Oh well...at least I figured out WHY  I've been feeling this way for the past couple weeks.  I just wish it would go away.

Friday, March 13, 2015

March 13 - Clarity and Direction

In spite of our best efforts to work our programs and lean on God's guidance, we sometimes don't understand what's going on in our life.  We trust, wait, pray, listen to people, listen to ourselves, and the answer still does not come.
During those times, we need to understand that we are right where we need to be, even though that place may feel awkward and uncomfortable.  Our life does have purpose and direction.
We are being changed, healed, and transformed at levels deeper than we can imagine.  Good things, beyond our capacity to imagine, are being prepared and brought to us.  We are being led and guided.
We can become peaceful.  We do not have to act in haste or urgency just to relieve our discomfort, just to get an answer.  We can wait until our mind is peaceful.  We can wait for clear direction.  Clarity will come.
The answer will come, and it will be good for us and those around us.

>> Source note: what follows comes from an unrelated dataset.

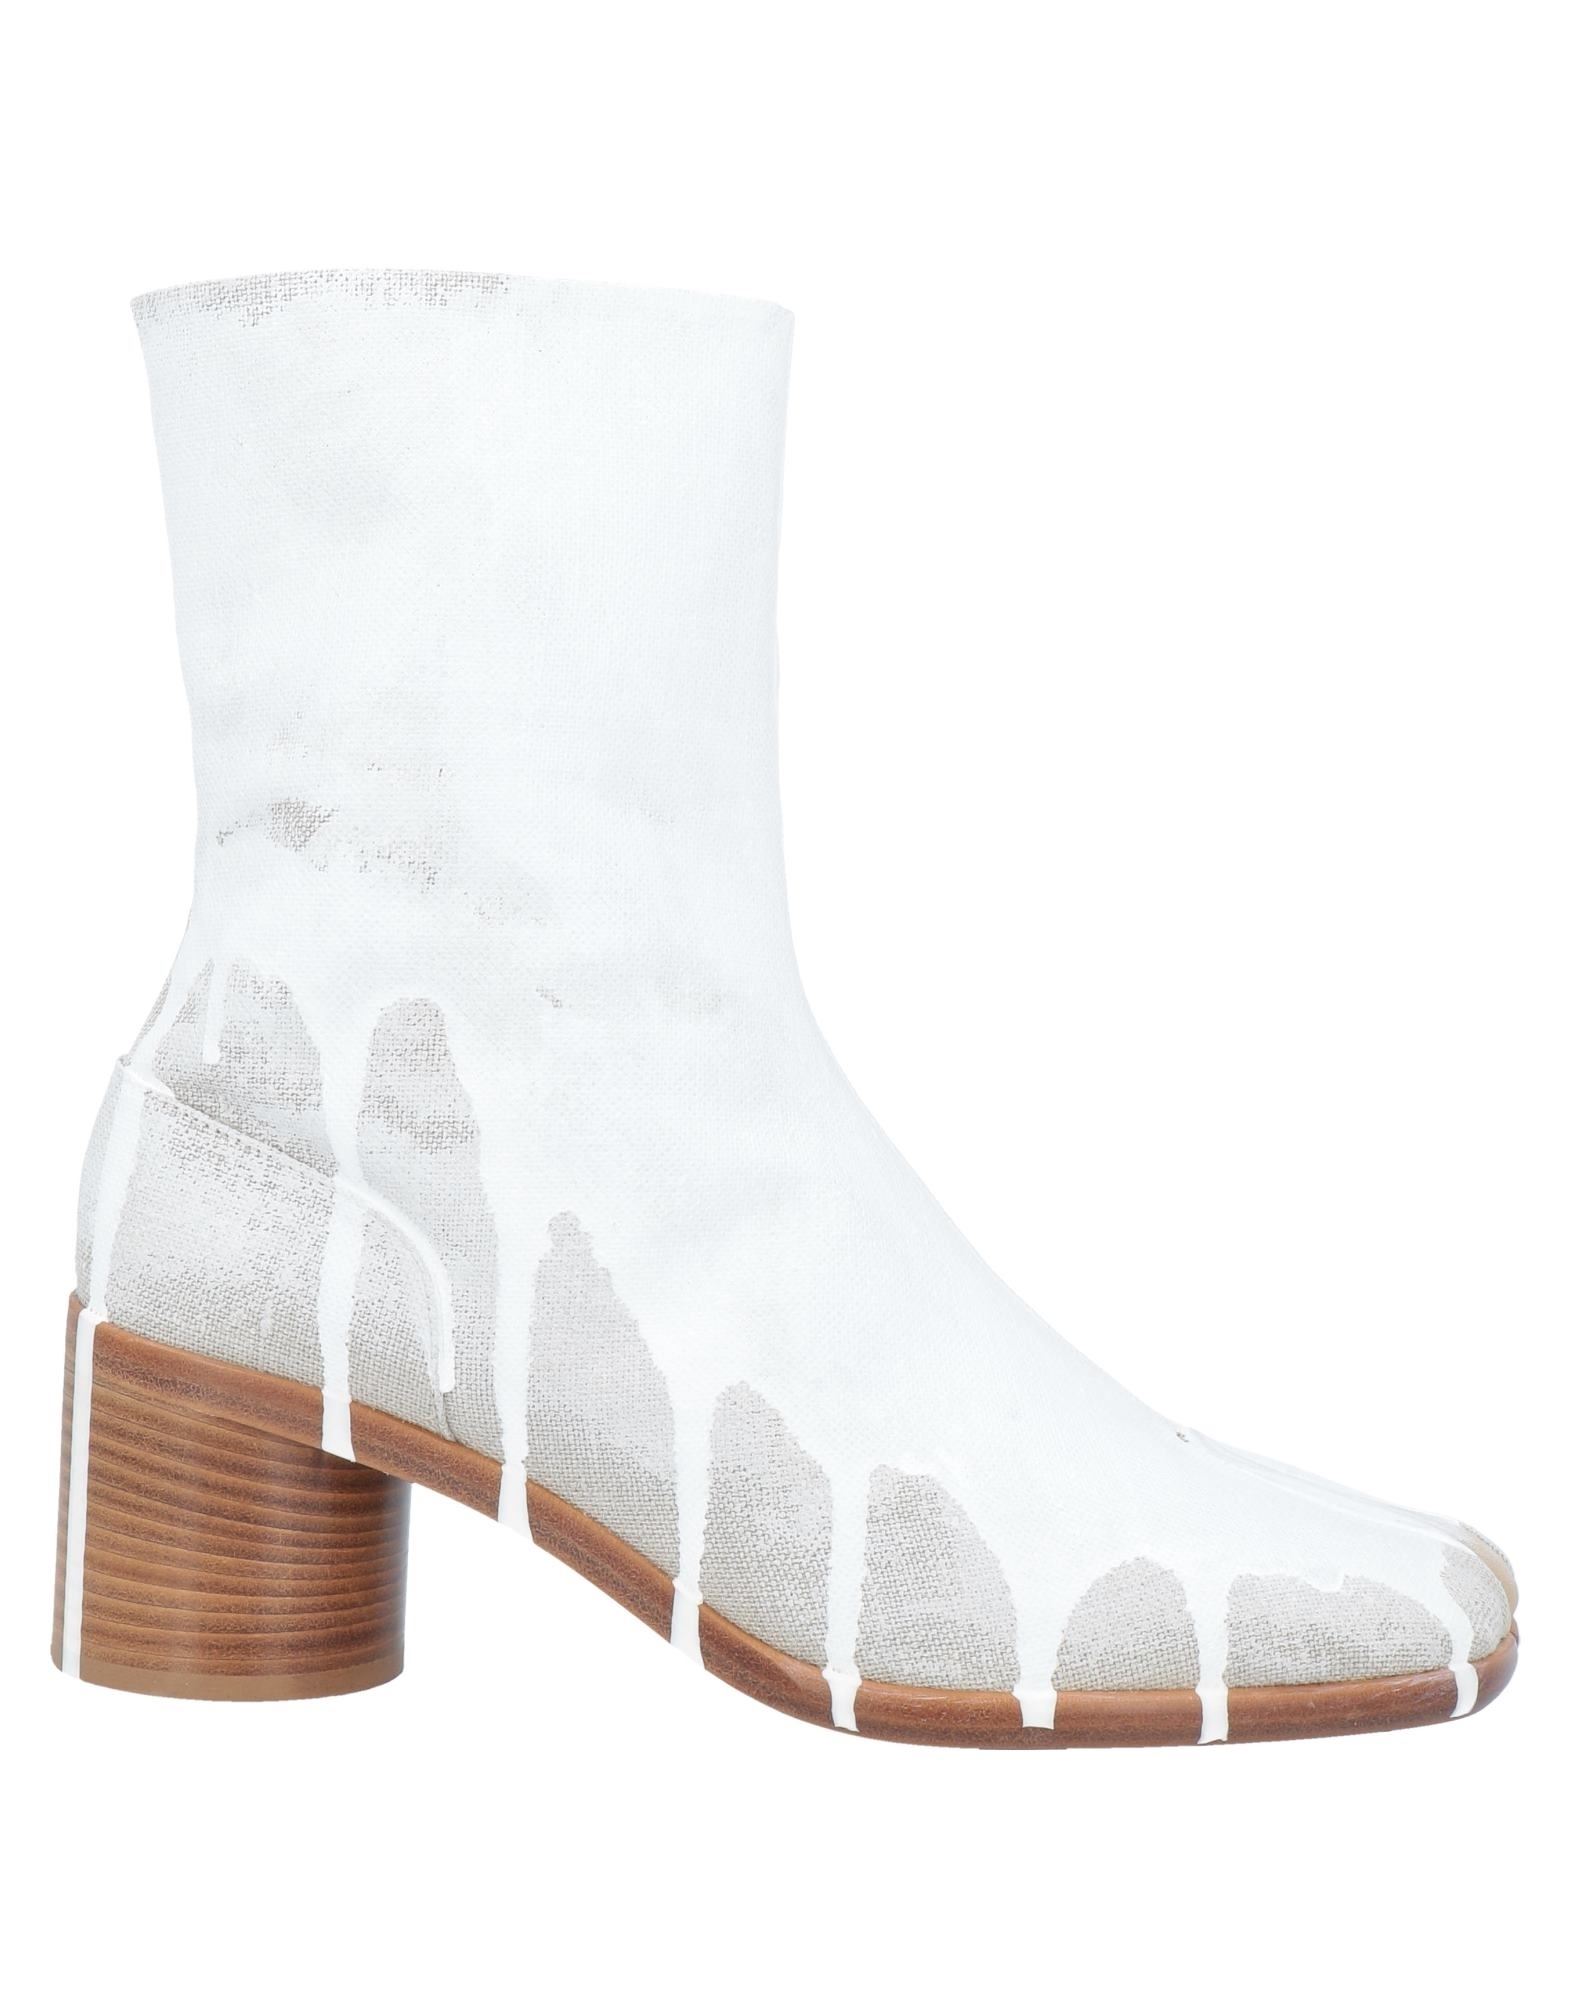 Shop Maison Margiela Man Ankle Boots White Size 8 Textile Fibers

Today, God help me know I am being guided into what's good about life, especially when I feel confused and without direction.  Help me trust enough to wait until my mind and vision are clear and consistent.  Help me know that clarity will come.

Thursday, March 12, 2015

March 12 - Getting Out of the Rut

"Many times in our recovery, the old bugaboos 
will haunt us.  Life may again become
meaningless, monotonous, and boring."

Sometimes it seems as though nothing changes.  We get up and go to the same job every day.  We eat dinner at the same time every night.  We attend the same meetings each week.  This morning's rituals were identical to the ones we performed yesterday, and the day before that, and the one before that.  After the hell of our addiction and the roller-coaster craziness of our early recovery, the stable life may have some appeal -- for a while.  But eventually, we realize we want something more.  Sooner or later, we become turned off to the creeping monotony and boredom in our lives.
There are sure to be times when we feel vaguely dissatisfied with our recovery.  We feel as though we're missing something for some reason, but we don't know what or why.  We draw up our gratitude lists and find literally hundreds of things to be grateful for.  All our needs are being met; our lives are fuller than we had ever hoped for.  So what's up?
Maybe it's time to stretch our potential to its fullest.  Our possibilities are only limited to what we can dream.  We can learn something new, set a new goal, help another newcomer, or make a new friend.  We're sure to find something challenging if we look hard enough, and life will again become meaningful, varied, and fulfilling.

Just For Today:  I'll take a break from the routine and stretch my potential to its fullest.